TASK STATEMENT:
Copy the following data exactly and drop the pictures.

DATA EXCERPT:
.....

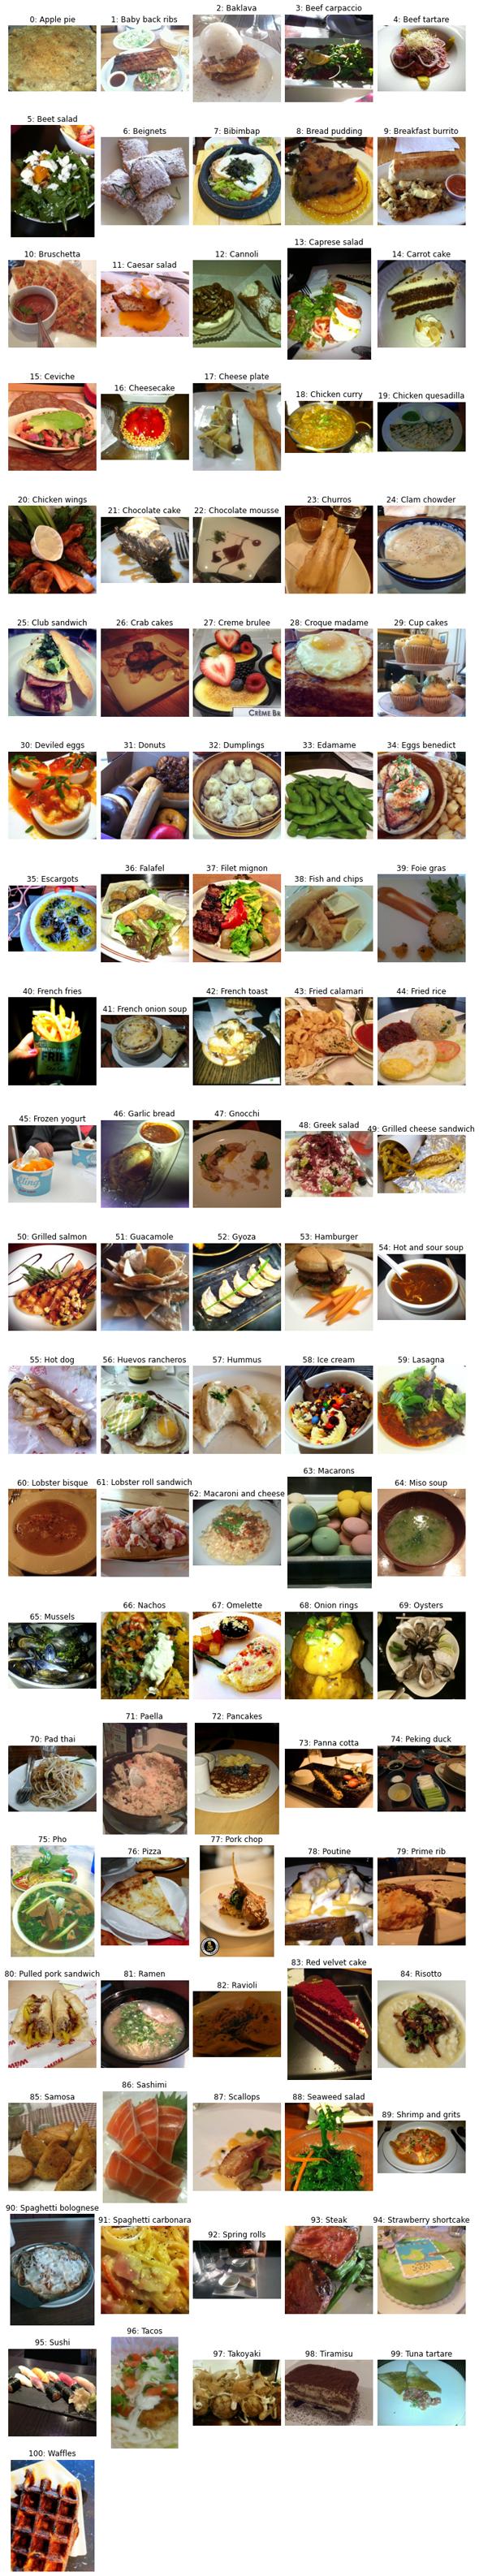 図1 Food-101に含まれる「101種類の料理画像」の例
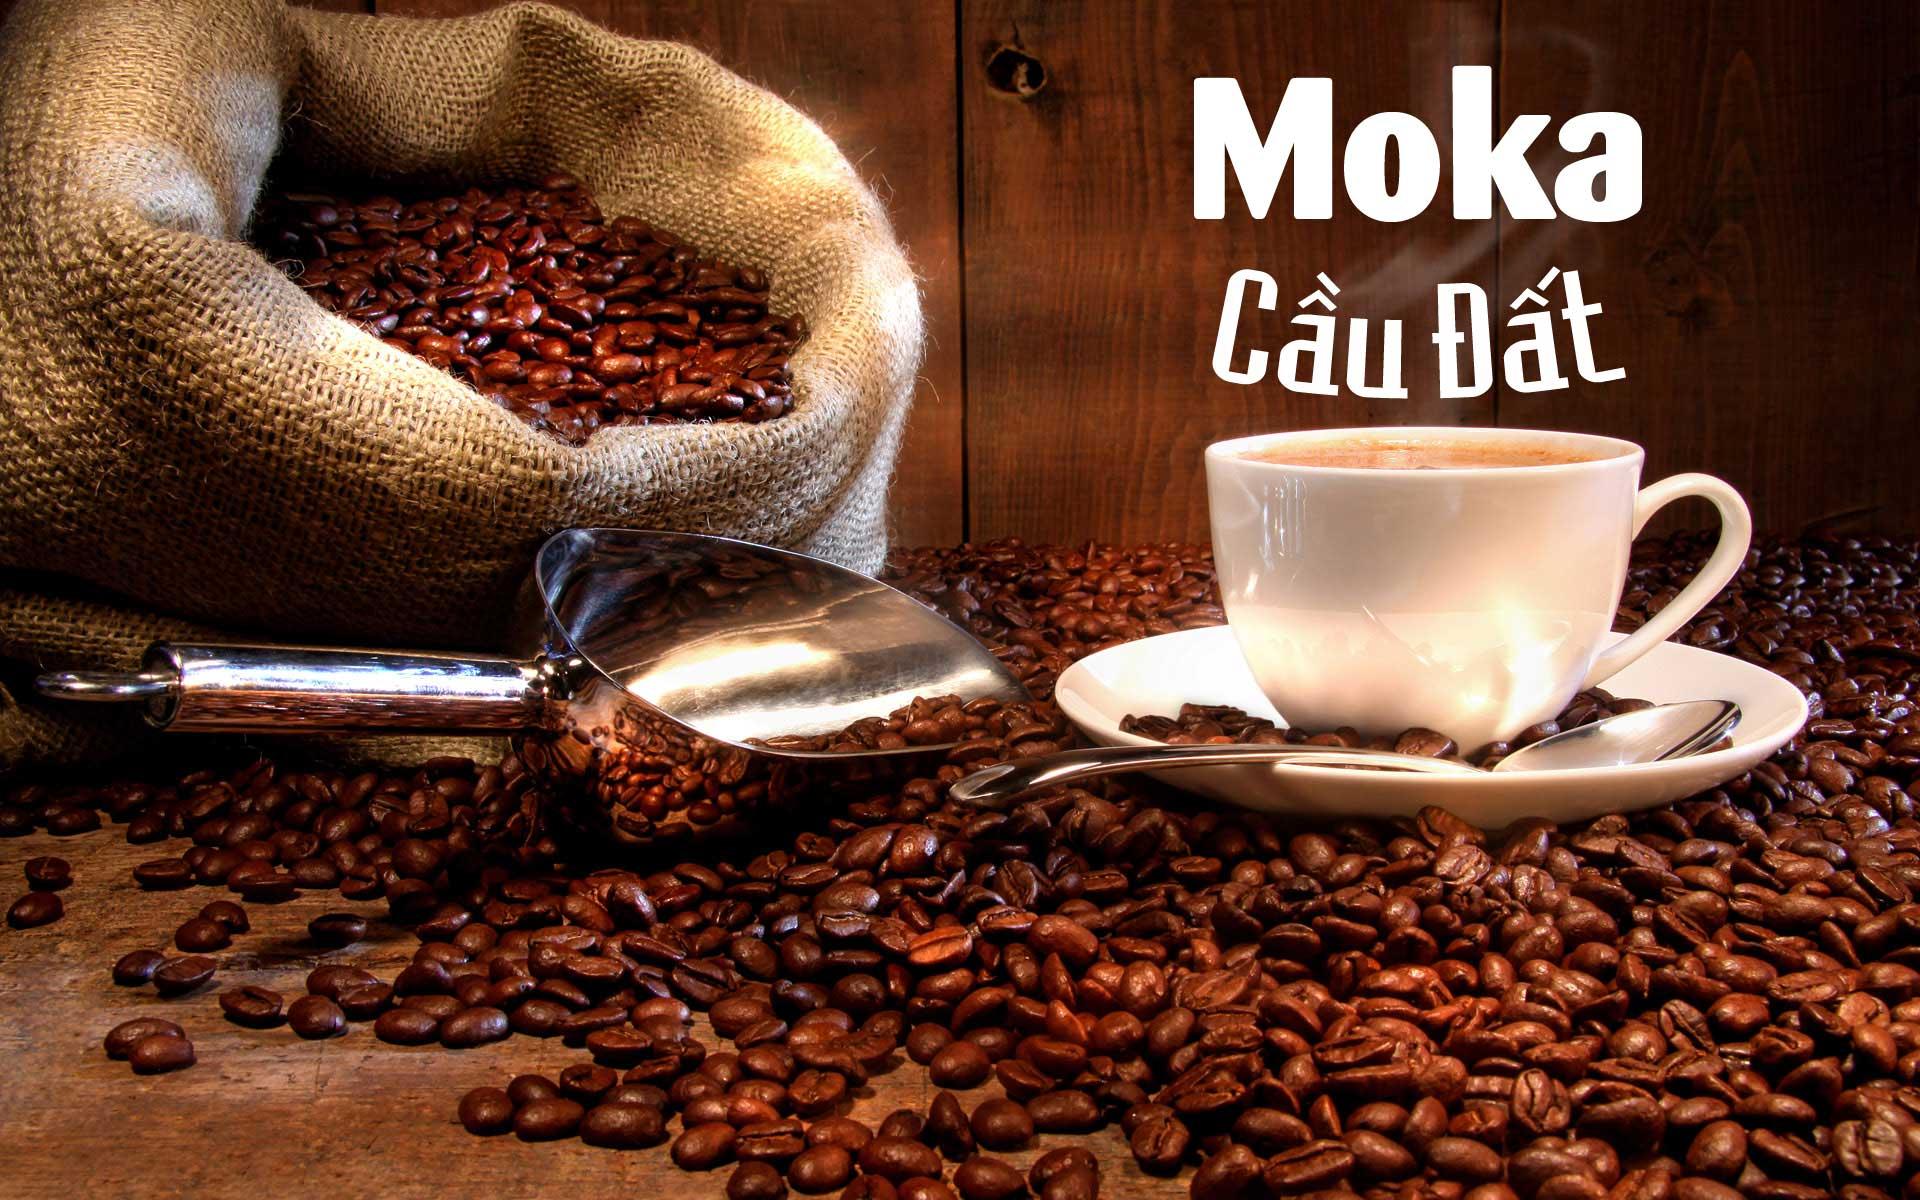 Cà phê Moka nguyên chất
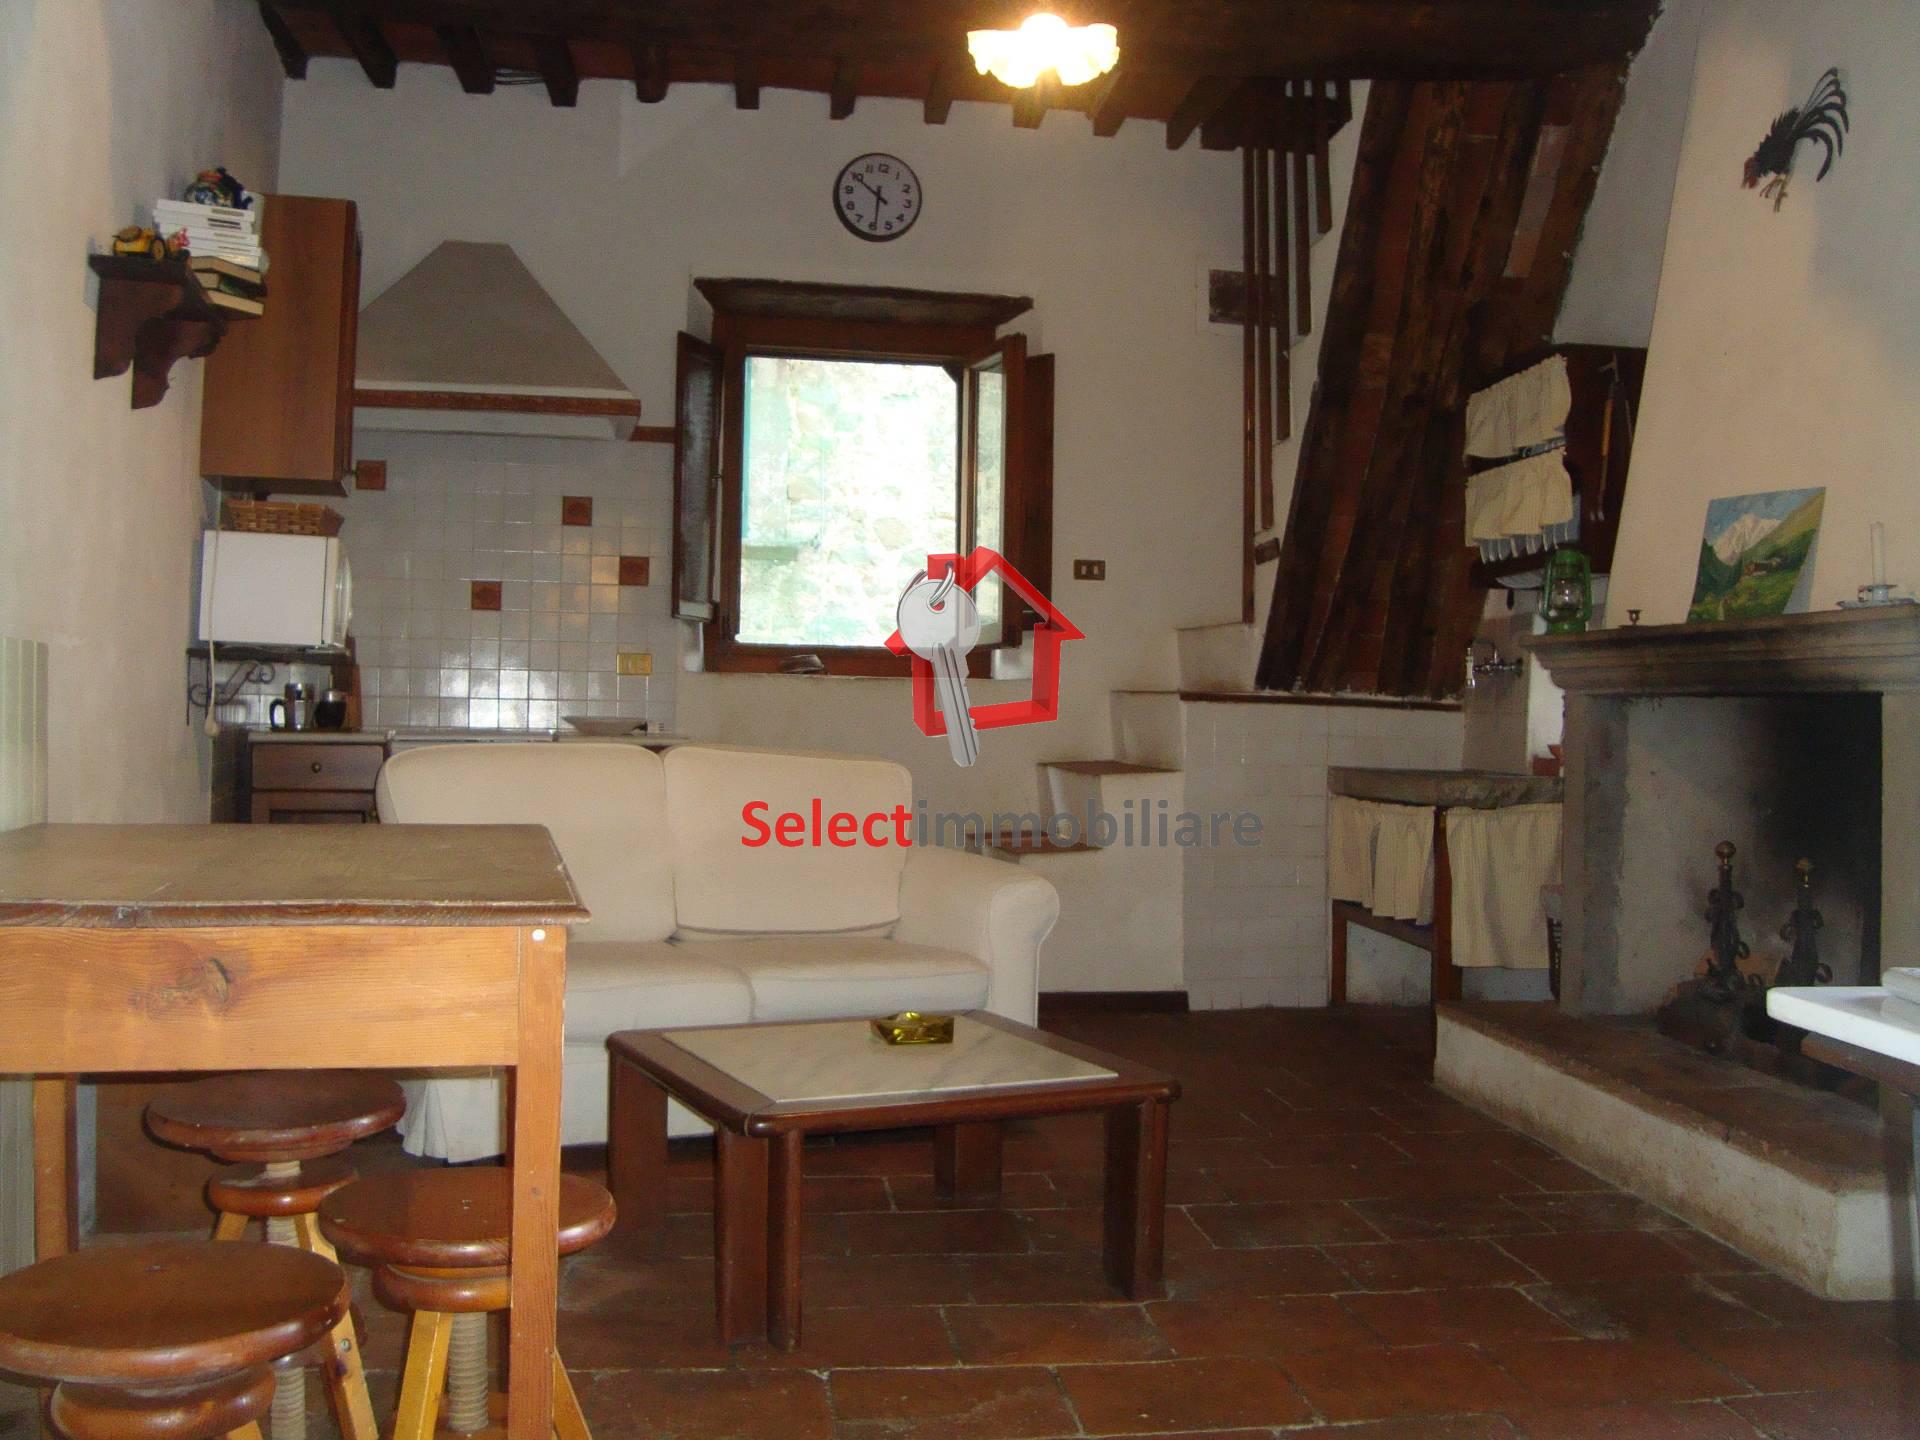 Soluzione Semindipendente in vendita a Bagni di Lucca, 5 locali, prezzo € 120.000 | CambioCasa.it
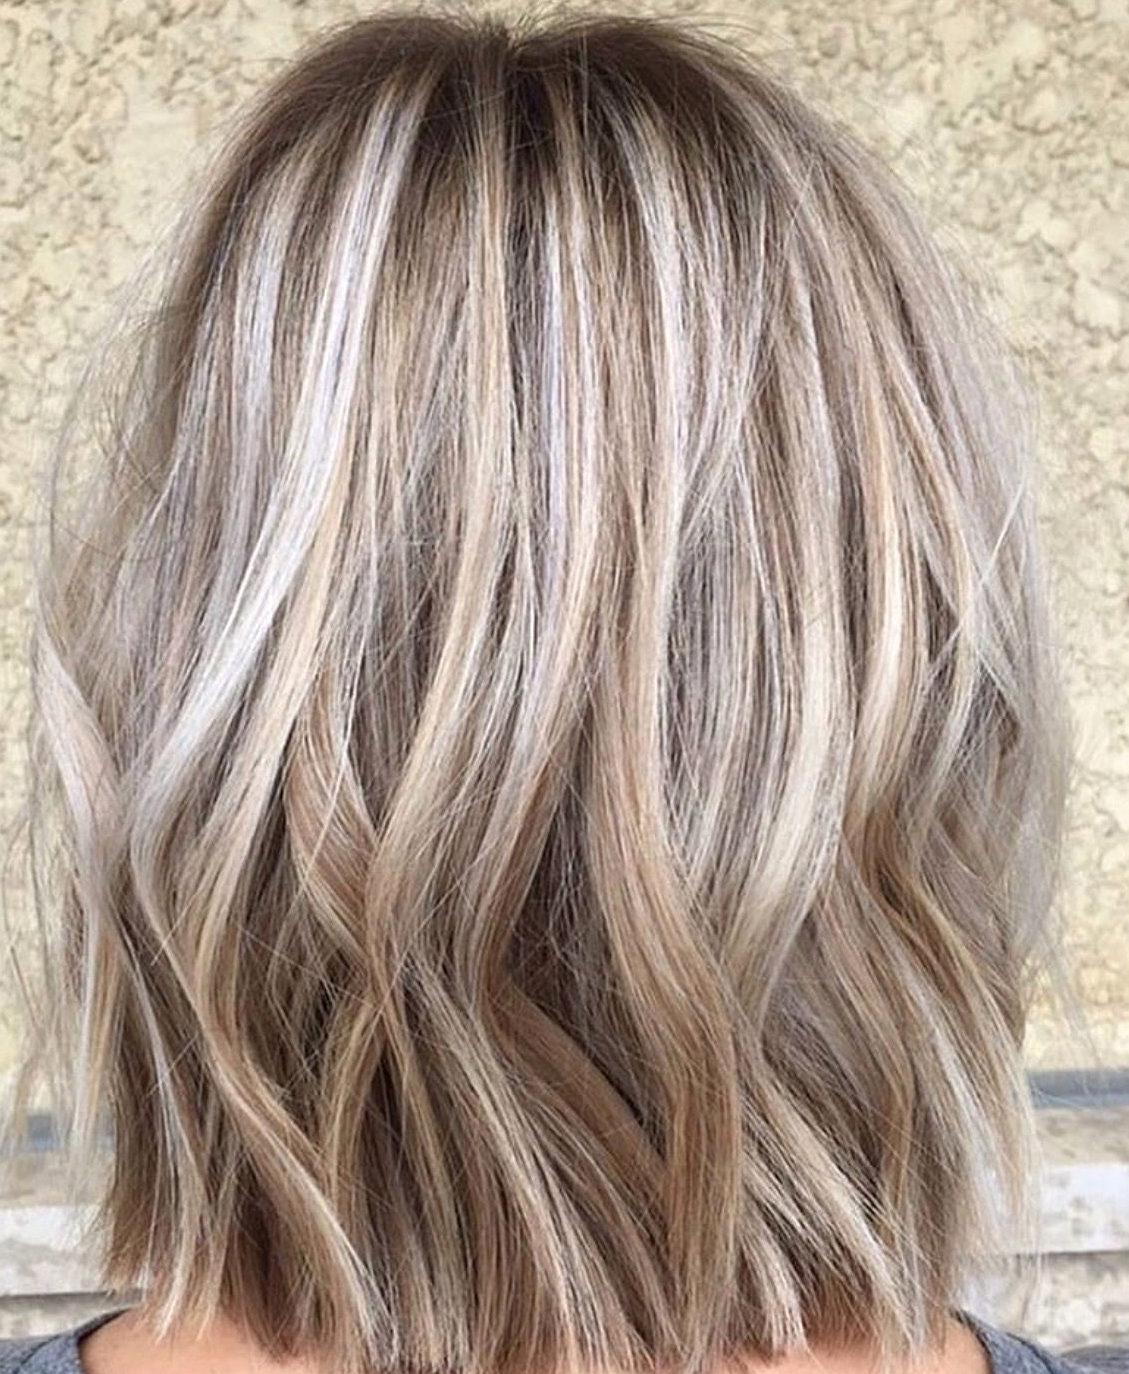 Dunkelblonde Haarfarben für kurze Haare

.....

TASK ANSWER:
 図1 Food-101に含まれる「101種類の料理画像」の例
 Cà phê Moka nguyên chất
 Soluzione Semindipendente in vendita a Bagni di Lucca, 5 locali, prezzo € 120.000 | CambioCasa.it
 Dunkelblonde Haarfarben für kurze Haare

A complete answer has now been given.